Recorded data:
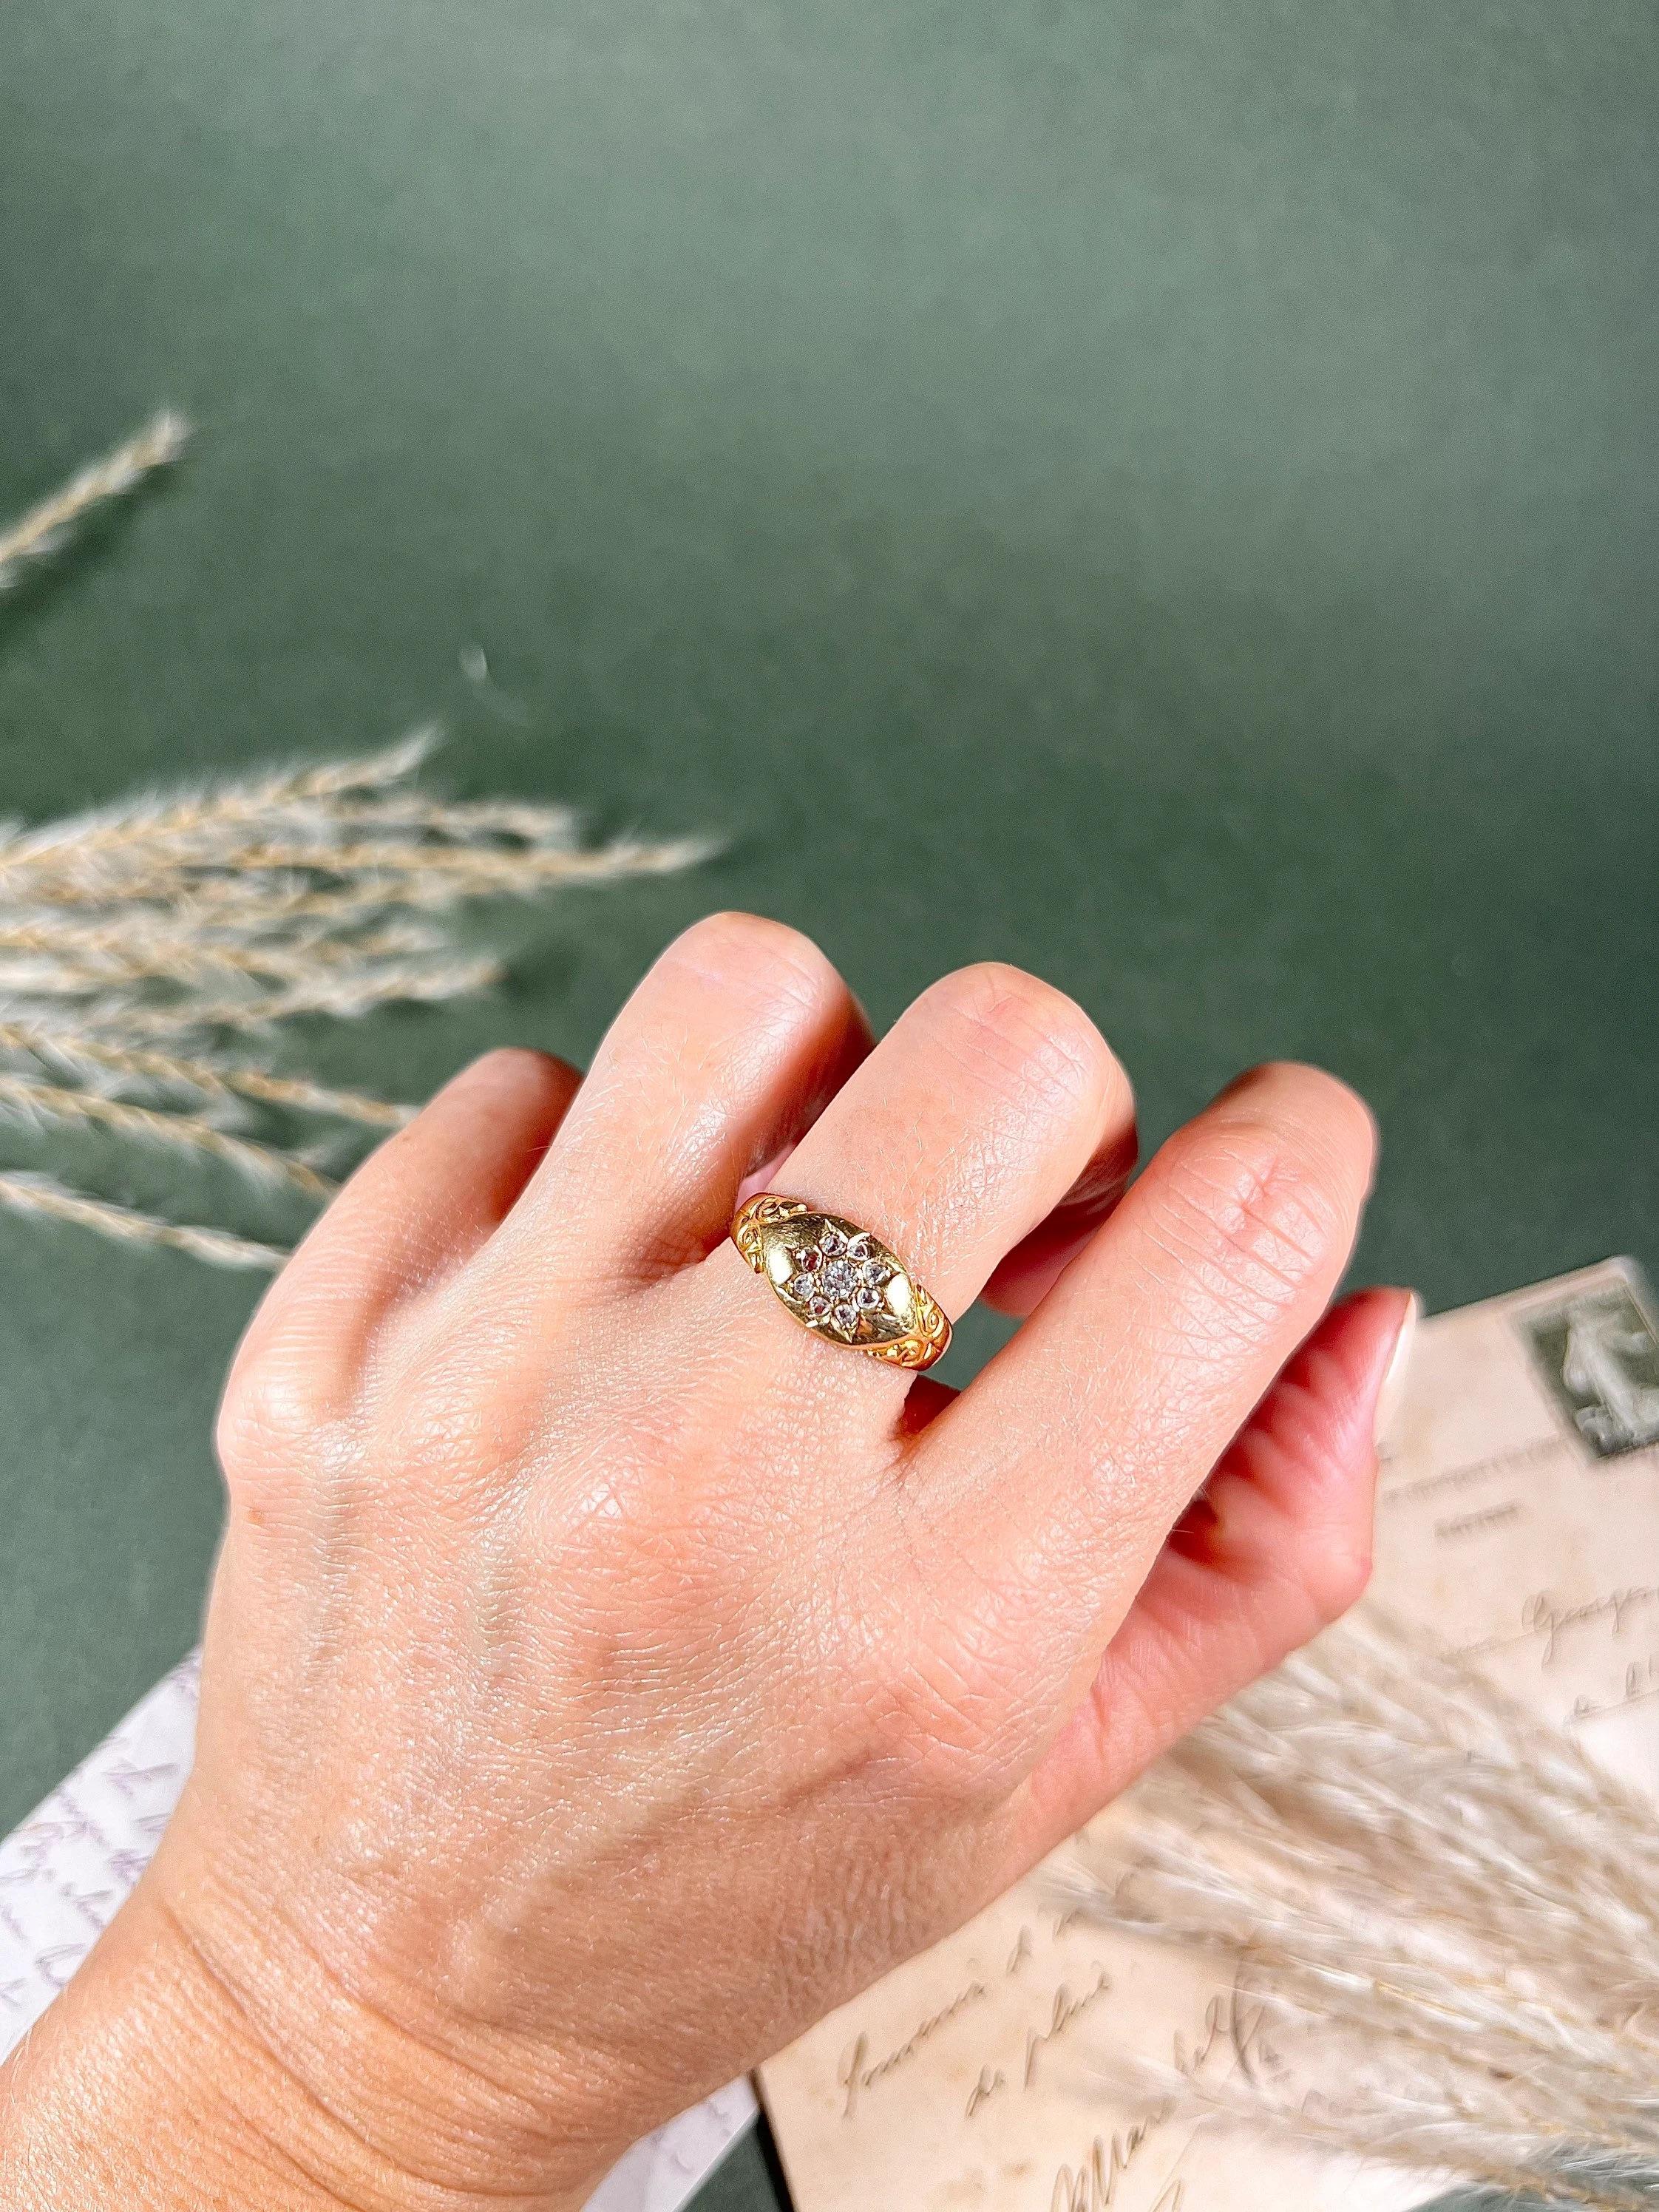 Bague victorienne ancienne 

Or 18 carats 

Poinçonné Birmingham 1889

I.L.A. L.B. 

Jolie bague victorienne de style gitan. Serti de diamants naturels en formation florale, avec de jolies épaules à volutes. 

La hauteur de l'anneau est d'environ 8

Exercise objective:
What you produce should repeat the data word for word while omitting all images.

Your solution:
 Bague victorienne ancienne 

Or 18 carats 

Poinçonné Birmingham 1889

I.L.A. L.B. 

Jolie bague victorienne de style gitan. Serti de diamants naturels en formation florale, avec de jolies épaules à volutes. 

La hauteur de l'anneau est d'environ 8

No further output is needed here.